The input:
_____

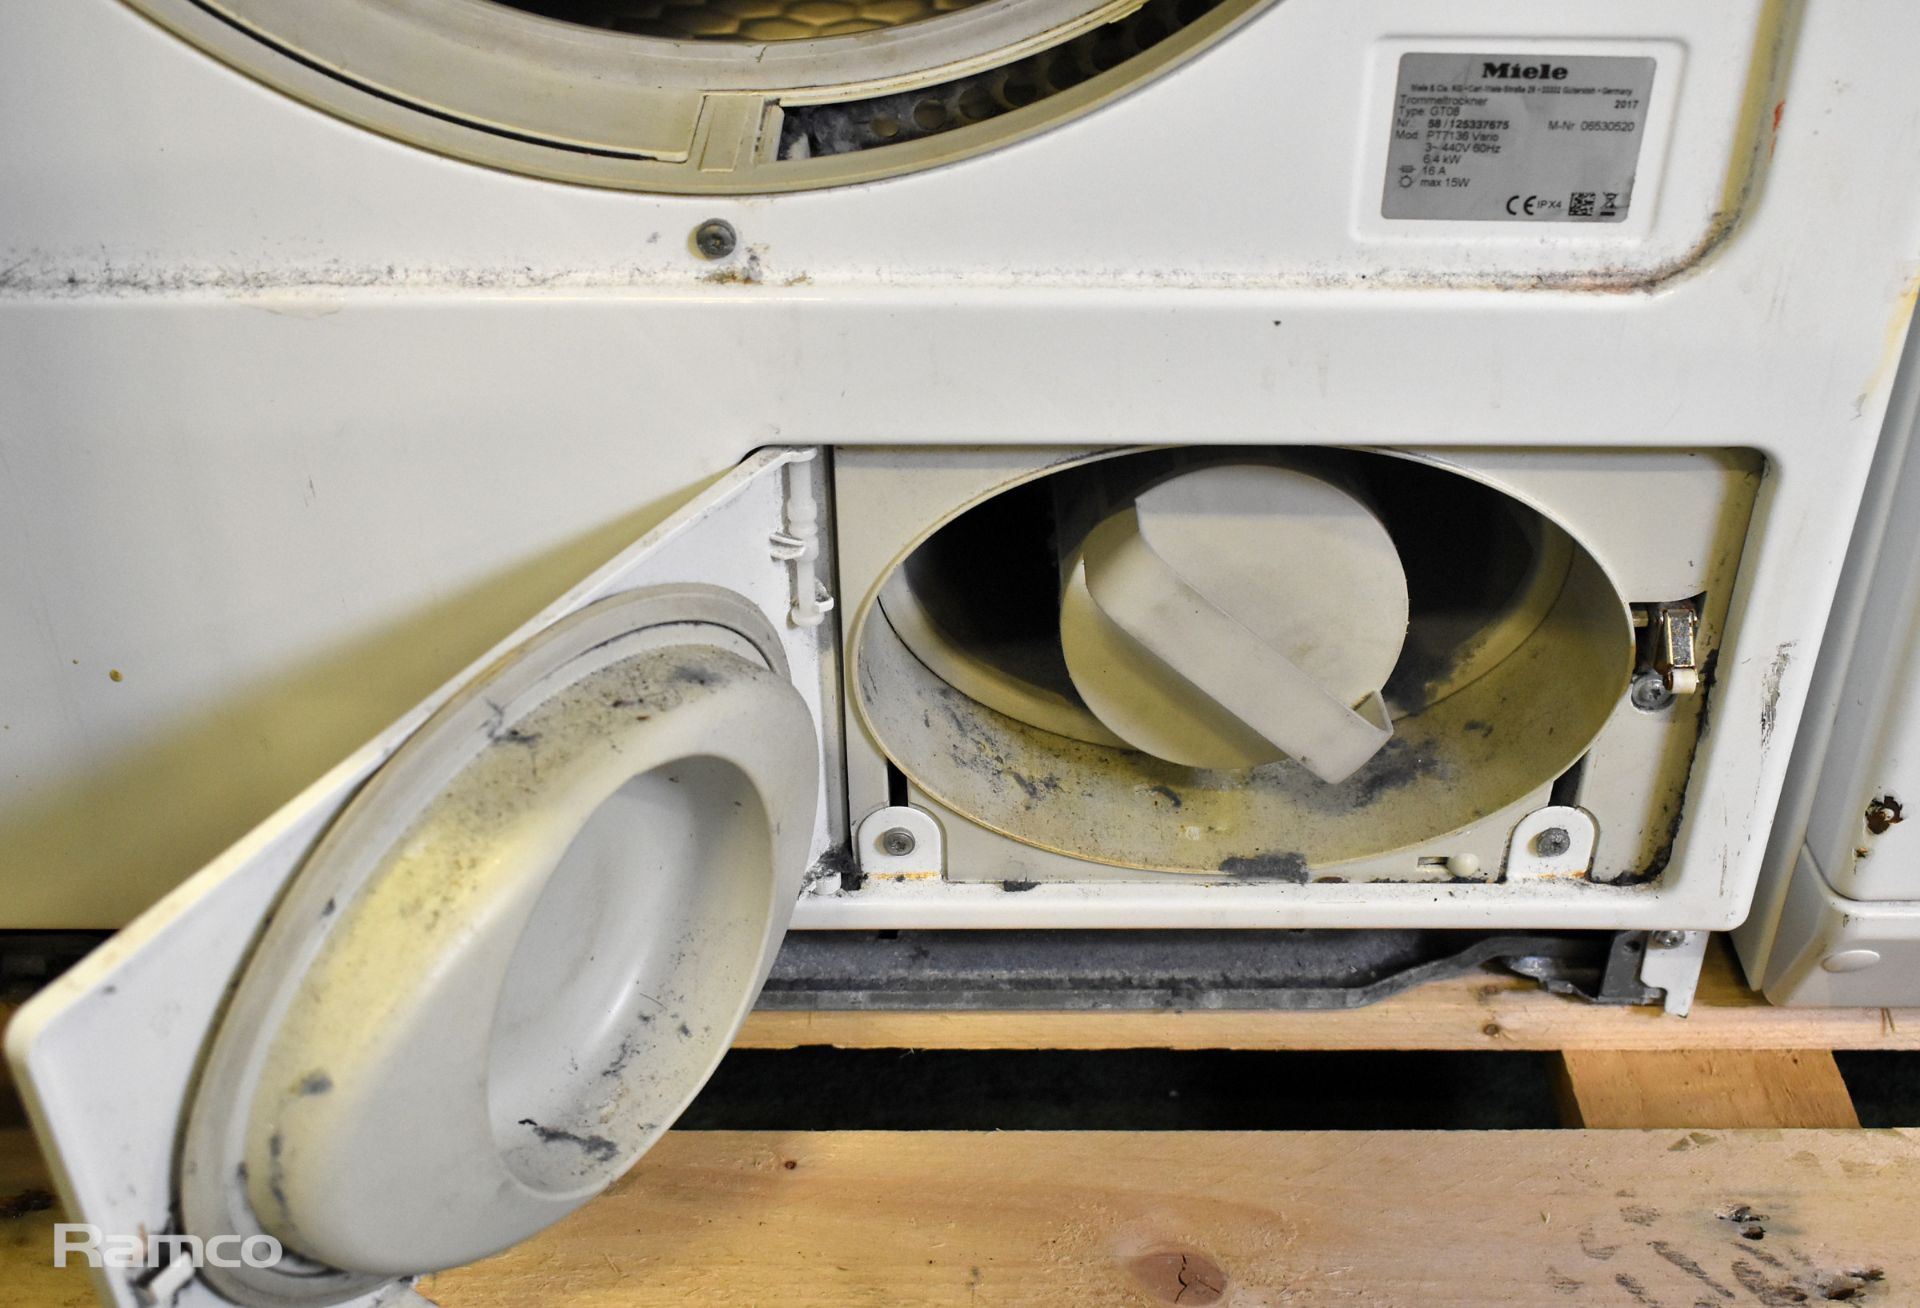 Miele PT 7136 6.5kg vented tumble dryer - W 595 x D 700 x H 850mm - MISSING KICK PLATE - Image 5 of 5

_____

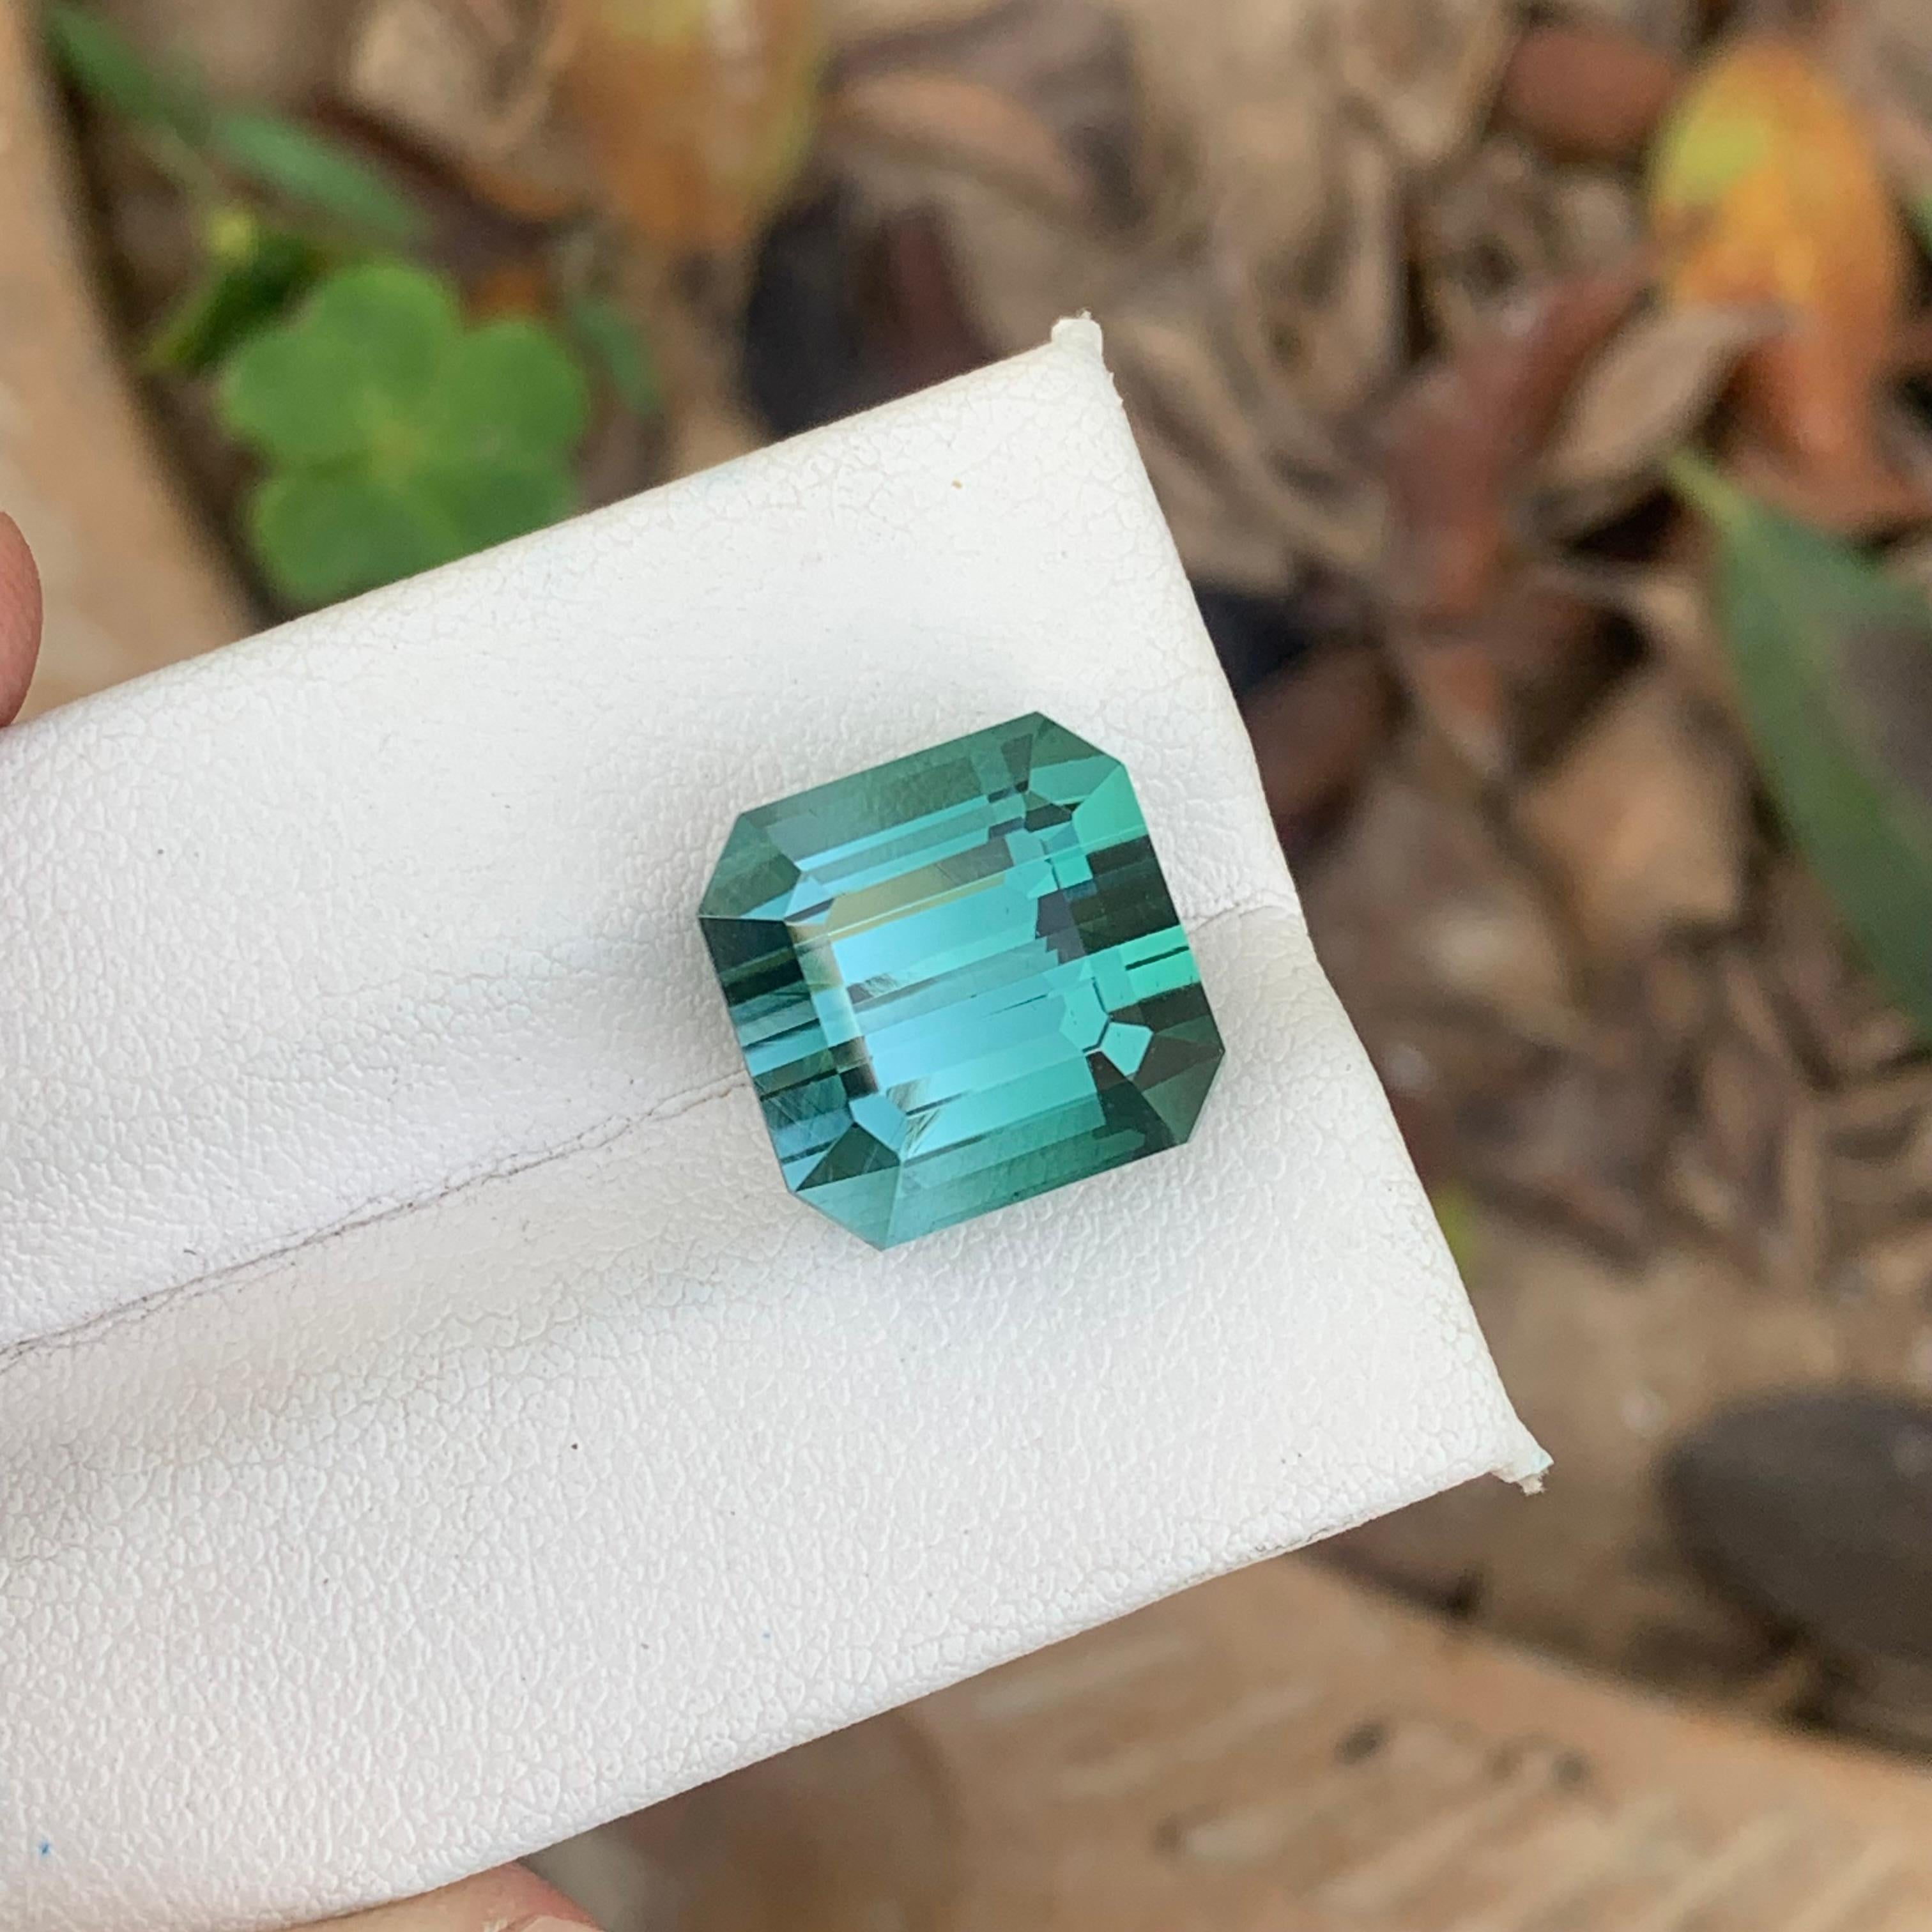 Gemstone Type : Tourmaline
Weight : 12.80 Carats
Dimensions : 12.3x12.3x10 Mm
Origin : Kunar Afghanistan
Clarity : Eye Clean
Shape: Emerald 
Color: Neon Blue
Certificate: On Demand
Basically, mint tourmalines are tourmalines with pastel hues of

_____

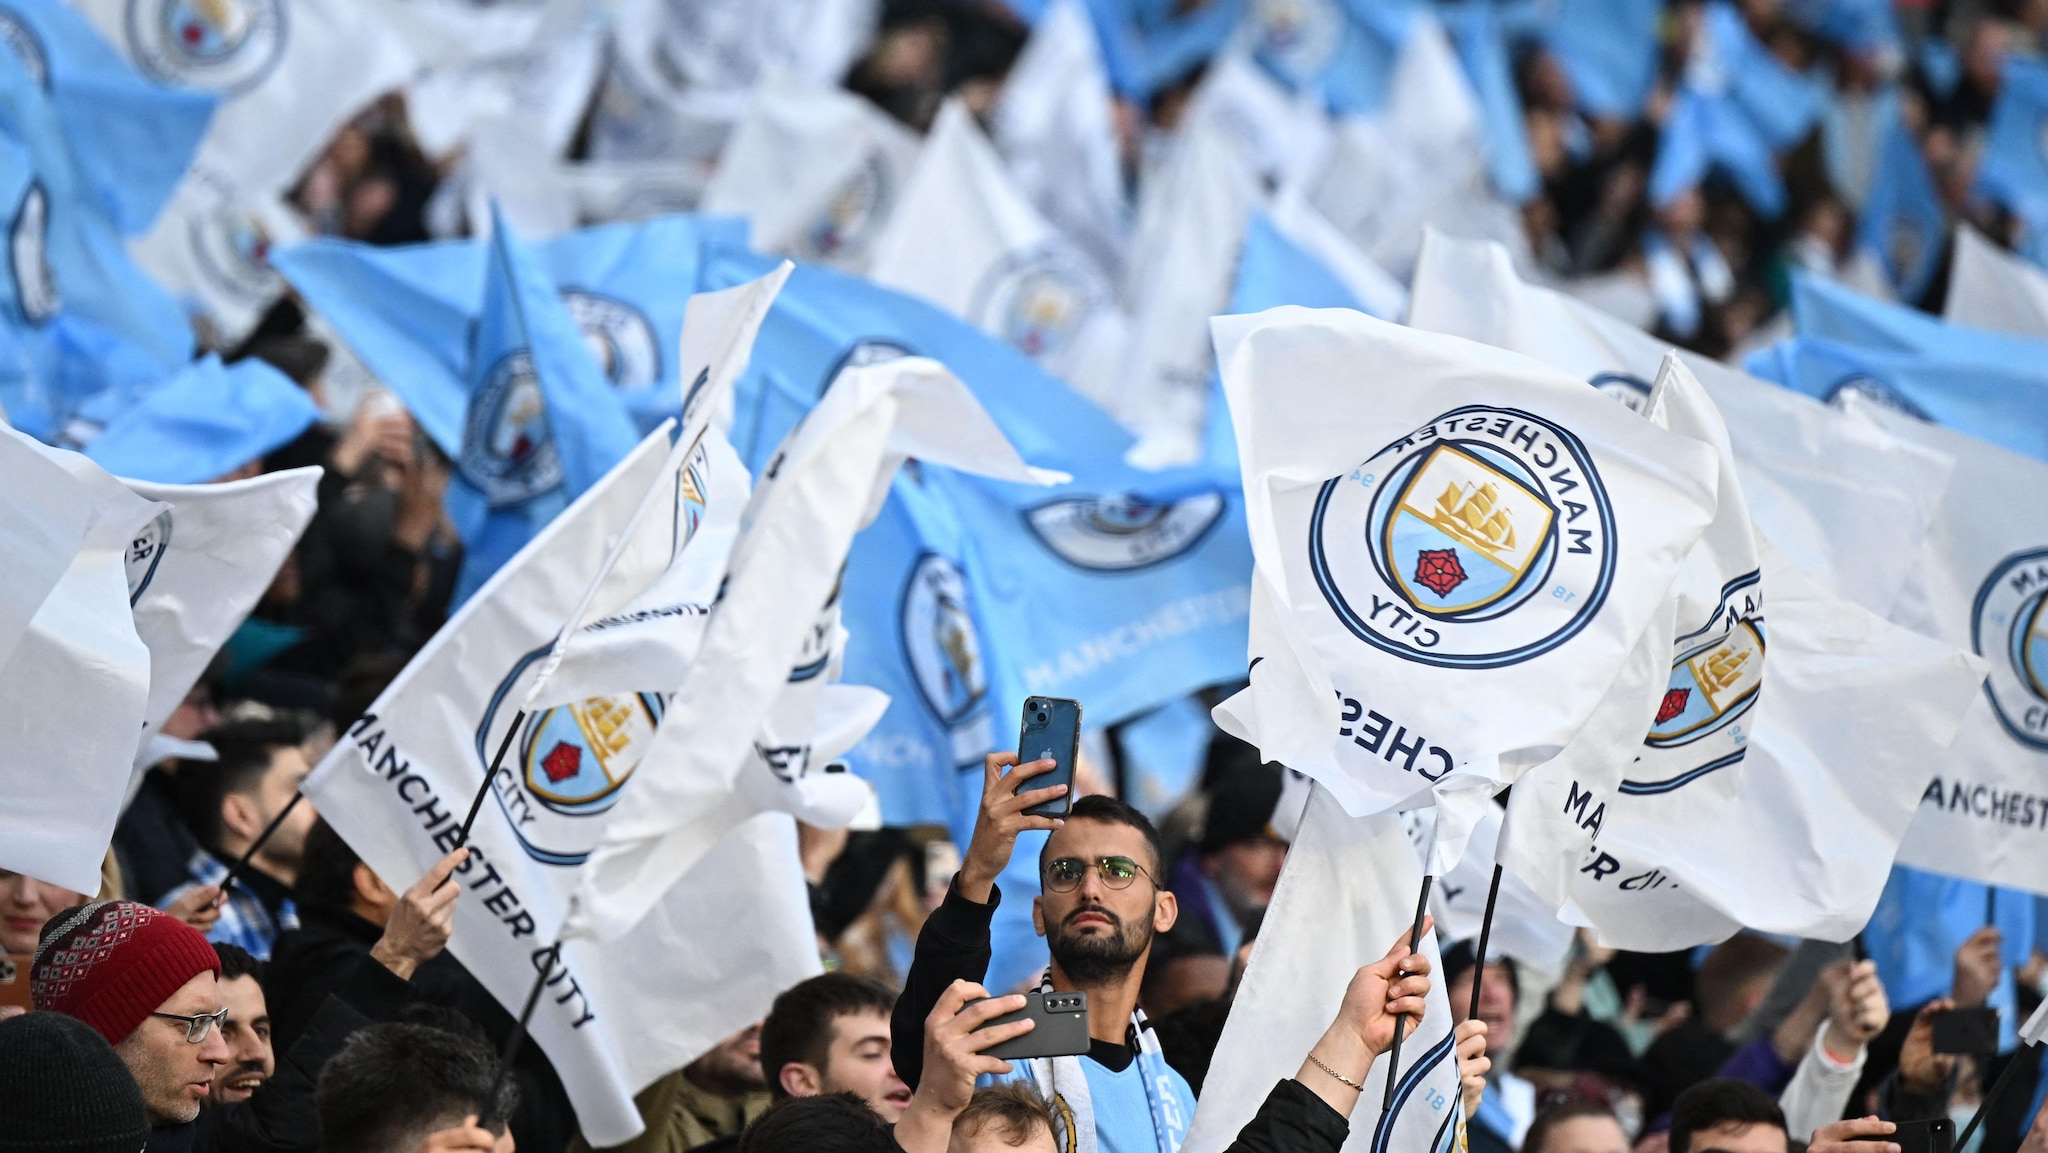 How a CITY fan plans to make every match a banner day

_____

What needs to be done:
Could you set down, word for word, only the lines above from the line with "Dimensions : 12.3x12.3x10 Mm" to the line with "Basically, mint tourmalines", including both?

Task solution:
Dimensions : 12.3x12.3x10 Mm
Origin : Kunar Afghanistan
Clarity : Eye Clean
Shape: Emerald 
Color: Neon Blue
Certificate: On Demand
Basically, mint tourmalines are tourmalines with pastel hues of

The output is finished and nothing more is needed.